#### Exercise material:
◆ ◆ ◆ ◆ ◆ ◆ ◆

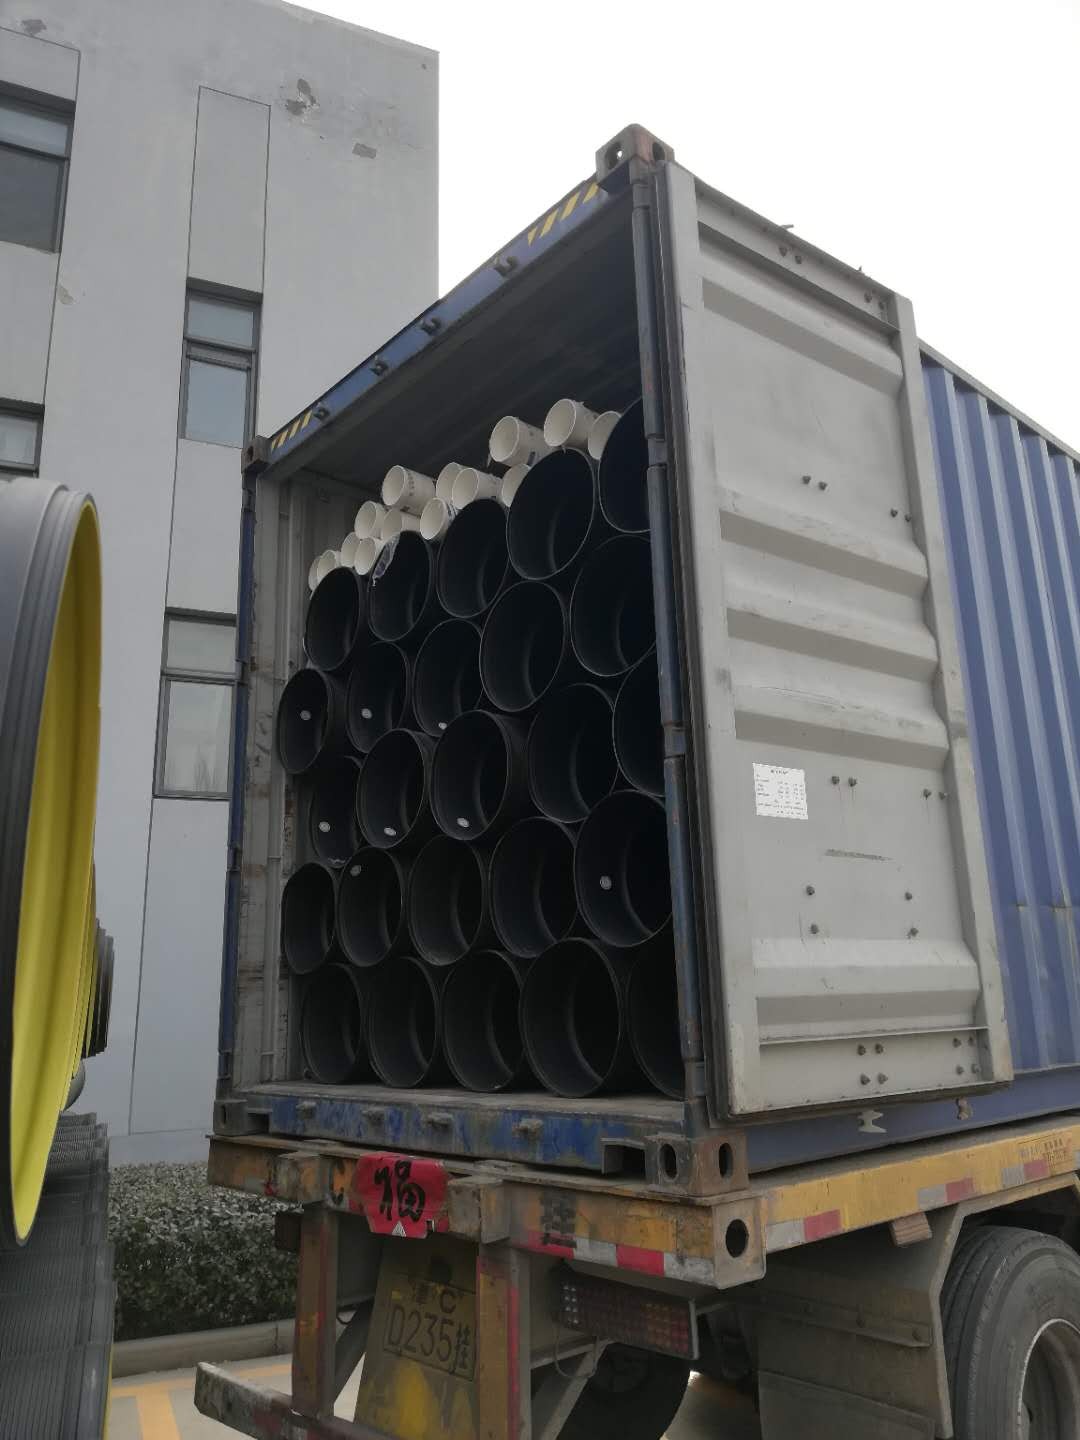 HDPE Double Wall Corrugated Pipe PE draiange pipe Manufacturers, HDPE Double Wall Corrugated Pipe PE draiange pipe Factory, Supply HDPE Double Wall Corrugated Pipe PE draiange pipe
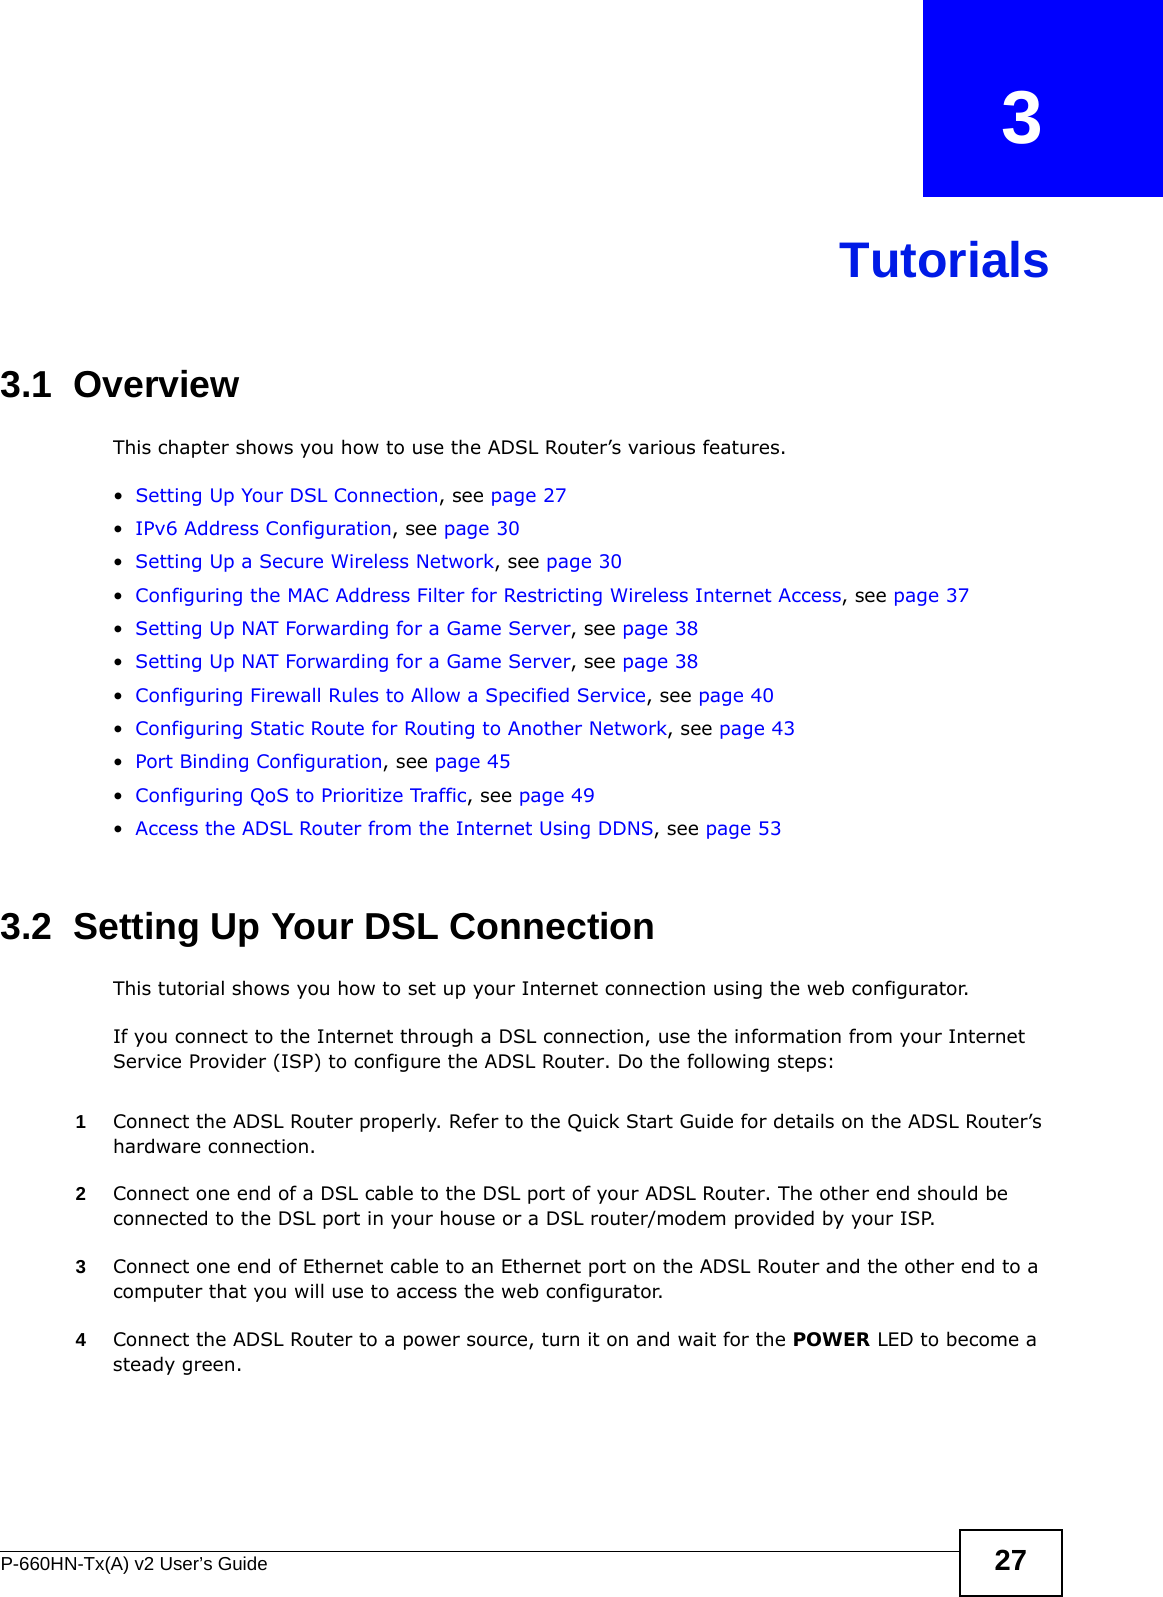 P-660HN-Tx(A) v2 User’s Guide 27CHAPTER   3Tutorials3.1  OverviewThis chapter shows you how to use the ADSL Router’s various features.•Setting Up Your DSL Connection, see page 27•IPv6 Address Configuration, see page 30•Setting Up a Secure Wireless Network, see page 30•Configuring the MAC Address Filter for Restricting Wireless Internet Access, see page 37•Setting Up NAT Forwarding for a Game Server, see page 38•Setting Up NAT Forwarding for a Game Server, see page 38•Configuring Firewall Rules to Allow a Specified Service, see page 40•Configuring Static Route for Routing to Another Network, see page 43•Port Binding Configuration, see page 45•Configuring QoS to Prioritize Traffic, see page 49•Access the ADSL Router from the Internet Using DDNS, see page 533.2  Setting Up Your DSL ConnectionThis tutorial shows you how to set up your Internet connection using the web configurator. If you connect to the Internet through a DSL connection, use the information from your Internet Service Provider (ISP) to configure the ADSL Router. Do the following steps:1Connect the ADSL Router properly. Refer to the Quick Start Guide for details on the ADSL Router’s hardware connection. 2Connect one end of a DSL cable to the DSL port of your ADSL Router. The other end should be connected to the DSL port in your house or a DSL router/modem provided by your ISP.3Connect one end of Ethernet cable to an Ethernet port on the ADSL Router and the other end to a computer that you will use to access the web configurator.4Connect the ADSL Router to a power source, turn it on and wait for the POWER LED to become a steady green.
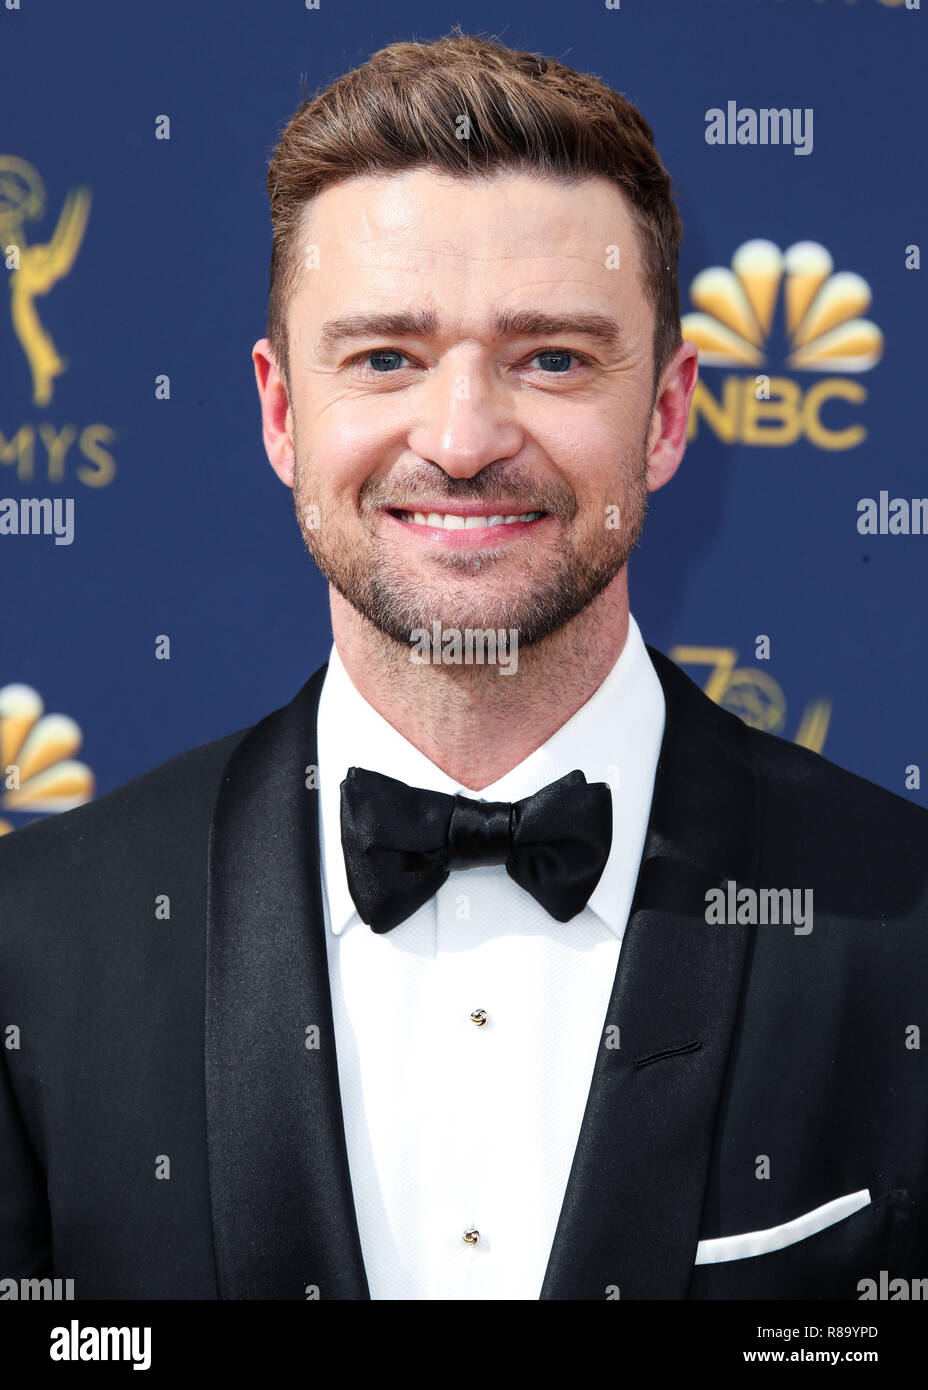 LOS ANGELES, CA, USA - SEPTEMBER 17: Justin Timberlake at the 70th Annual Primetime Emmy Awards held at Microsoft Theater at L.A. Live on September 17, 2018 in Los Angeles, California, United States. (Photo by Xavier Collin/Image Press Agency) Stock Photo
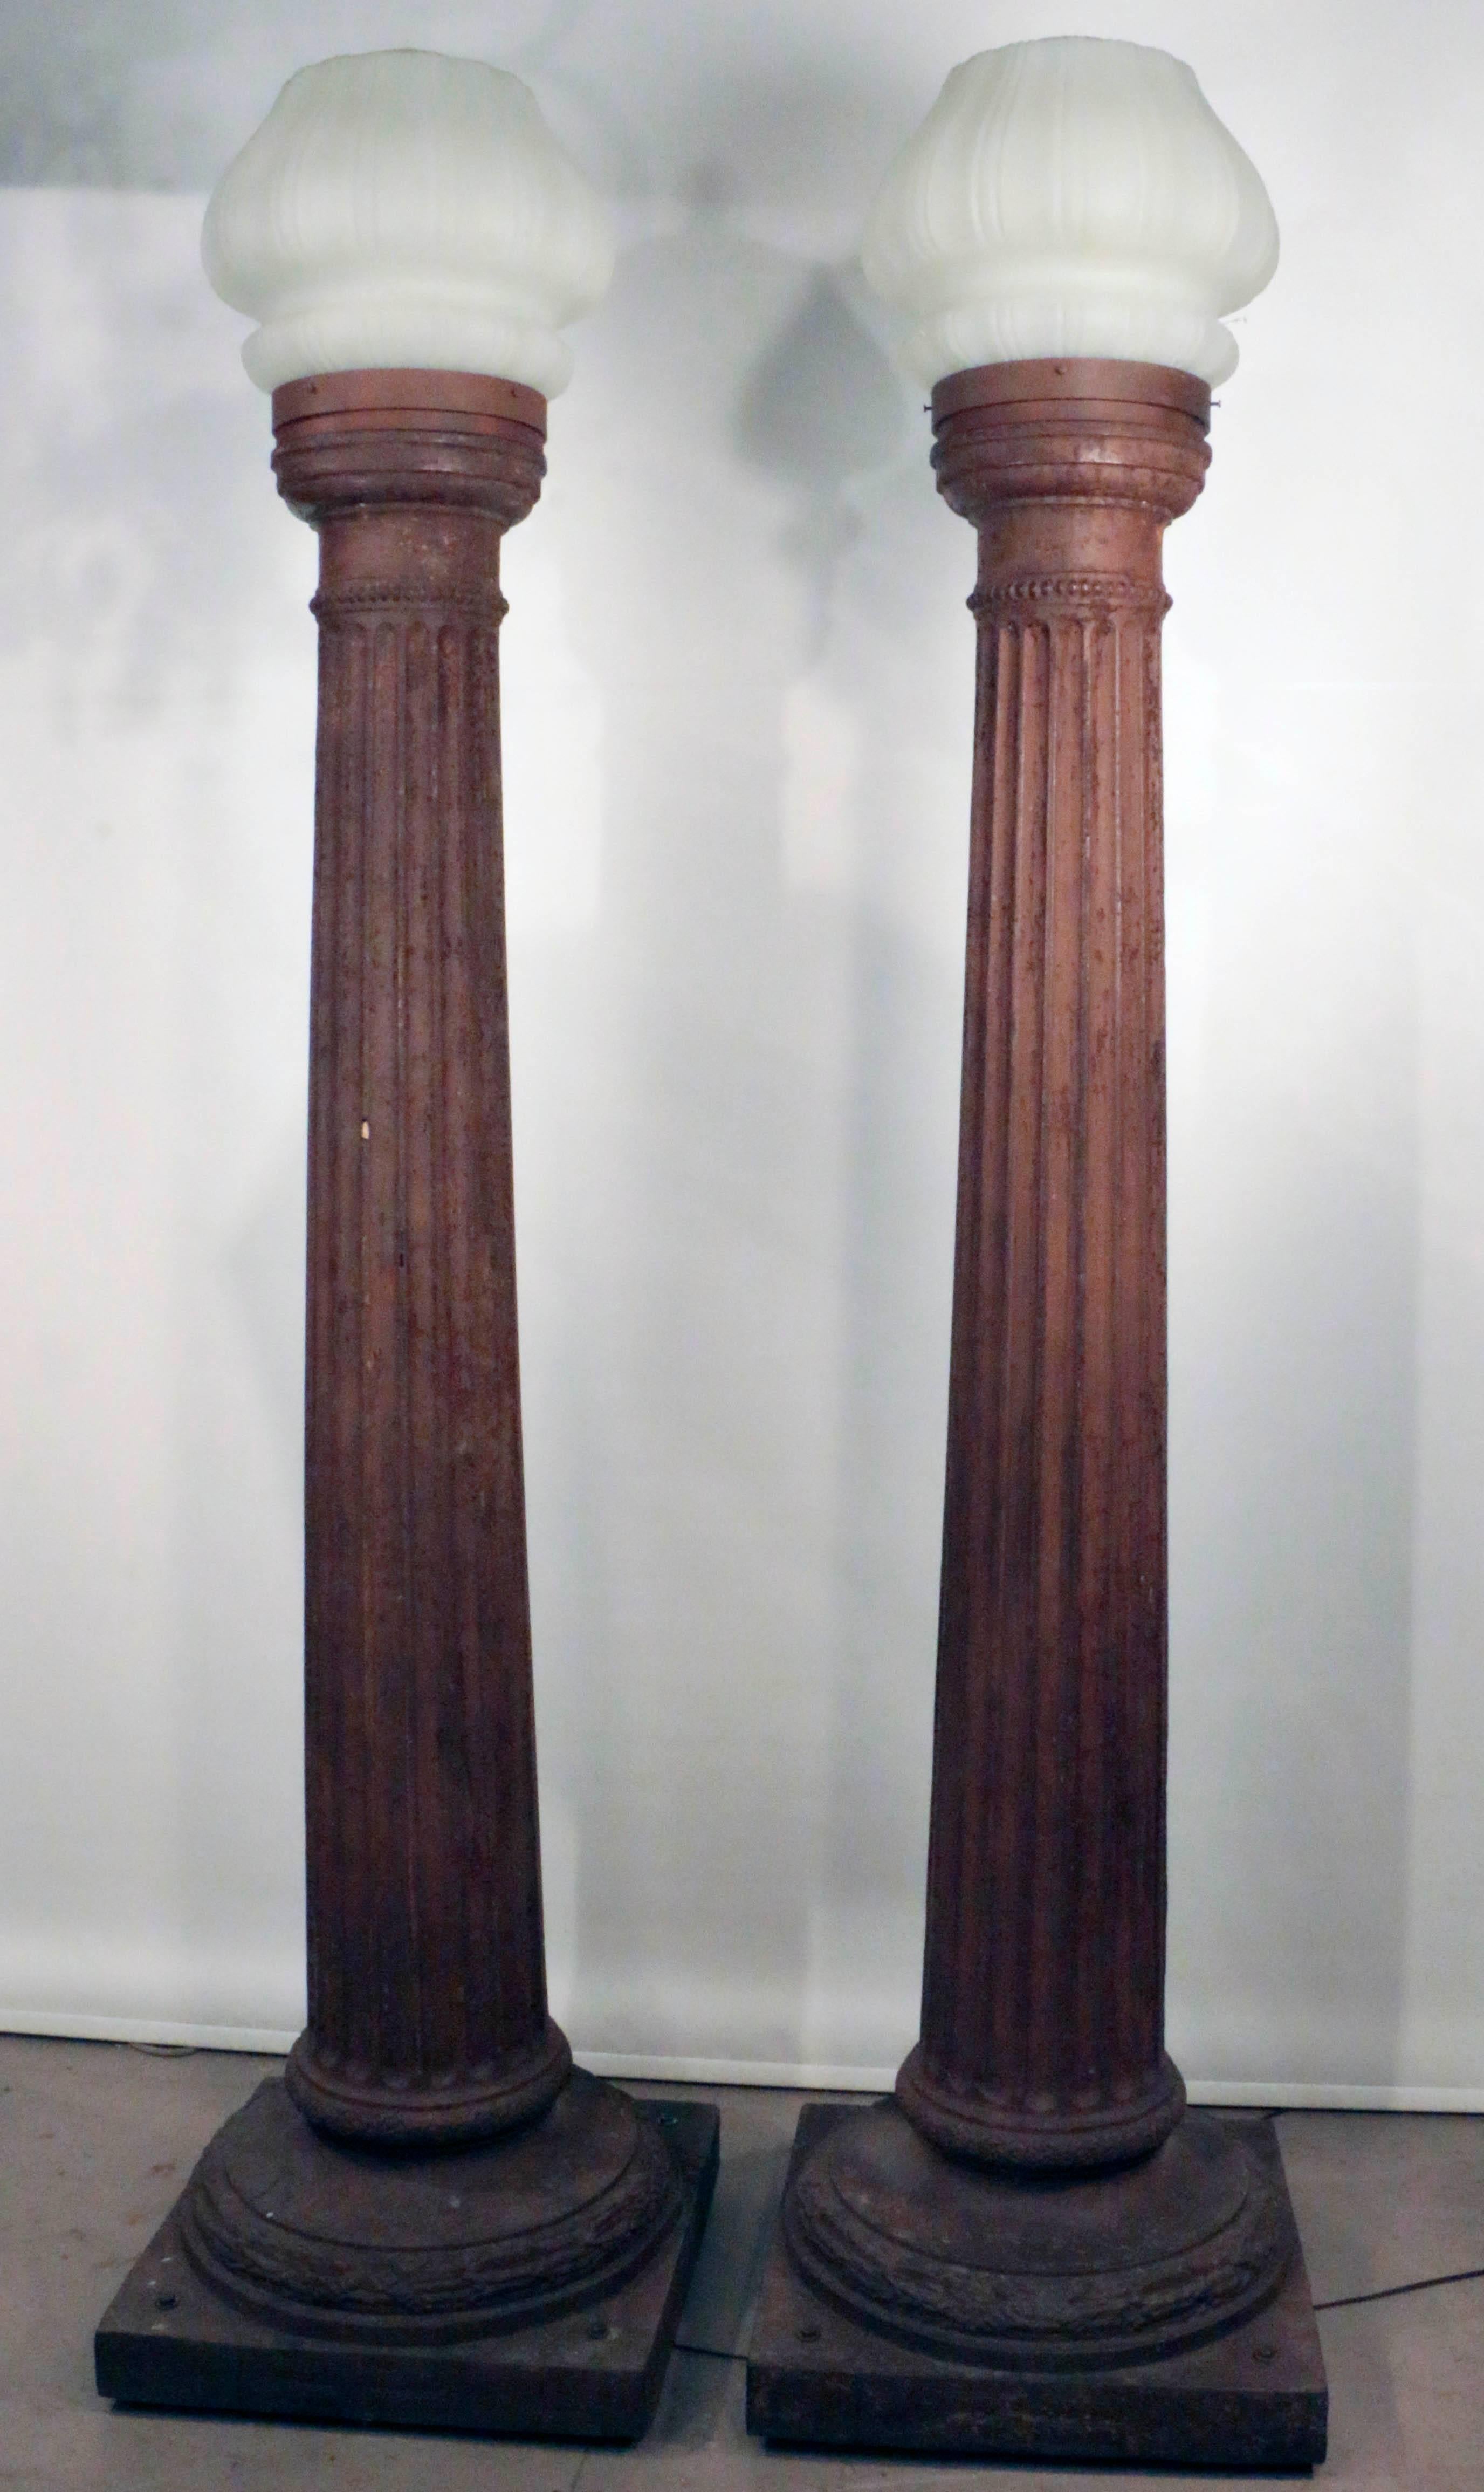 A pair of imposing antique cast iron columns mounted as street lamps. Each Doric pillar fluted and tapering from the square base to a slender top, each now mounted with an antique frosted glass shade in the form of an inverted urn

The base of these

◆ ◆ ◆ ◆ ◆ ◆ ◆

#### Work to complete:
From the material above, reproduce everything verbatim except the pictures.

#### Output below:
 HDPE Double Wall Corrugated Pipe PE draiange pipe Manufacturers, HDPE Double Wall Corrugated Pipe PE draiange pipe Factory, Supply HDPE Double Wall Corrugated Pipe PE draiange pipe
 P-660HN-Tx(A) v2 User’s Guide 27CHAPTER   3Tutorials3.1  OverviewThis chapter shows you how to use the ADSL Router’s various features.•Setting Up Your DSL Connection, see page 27•IPv6 Address Configuration, see page 30•Setting Up a Secure Wireless Network, see page 30•Configuring the MAC Address Filter for Restricting Wireless Internet Access, see page 37•Setting Up NAT Forwarding for a Game Server, see page 38•Setting Up NAT Forwarding for a Game Server, see page 38•Configuring Firewall Rules to Allow a Specified Service, see page 40•Configuring Static Route for Routing to Another Network, see page 43•Port Binding Configuration, see page 45•Configuring QoS to Prioritize Traffic, see page 49•Access the ADSL Router from the Internet Using DDNS, see page 533.2  Setting Up Your DSL ConnectionThis tutorial shows you how to set up your Internet connection using the web configurator. If you connect to the Internet through a DSL connection, use the information from your Internet Service Provider (ISP) to configure the ADSL Router. Do the following steps:1Connect the ADSL Router properly. Refer to the Quick Start Guide for details on the ADSL Router’s hardware connection. 2Connect one end of a DSL cable to the DSL port of your ADSL Router. The other end should be connected to the DSL port in your house or a DSL router/modem provided by your ISP.3Connect one end of Ethernet cable to an Ethernet port on the ADSL Router and the other end to a computer that you will use to access the web configurator.4Connect the ADSL Router to a power source, turn it on and wait for the POWER LED to become a steady green.
 LOS ANGELES, CA, USA - SEPTEMBER 17: Justin Timberlake at the 70th Annual Primetime Emmy Awards held at Microsoft Theater at L.A. Live on September 17, 2018 in Los Angeles, California, United States. (Photo by Xavier Collin/Image Press Agency) Stock Photo
 A pair of imposing antique cast iron columns mounted as street lamps. Each Doric pillar fluted and tapering from the square base to a slender top, each now mounted with an antique frosted glass shade in the form of an inverted urn

The base of these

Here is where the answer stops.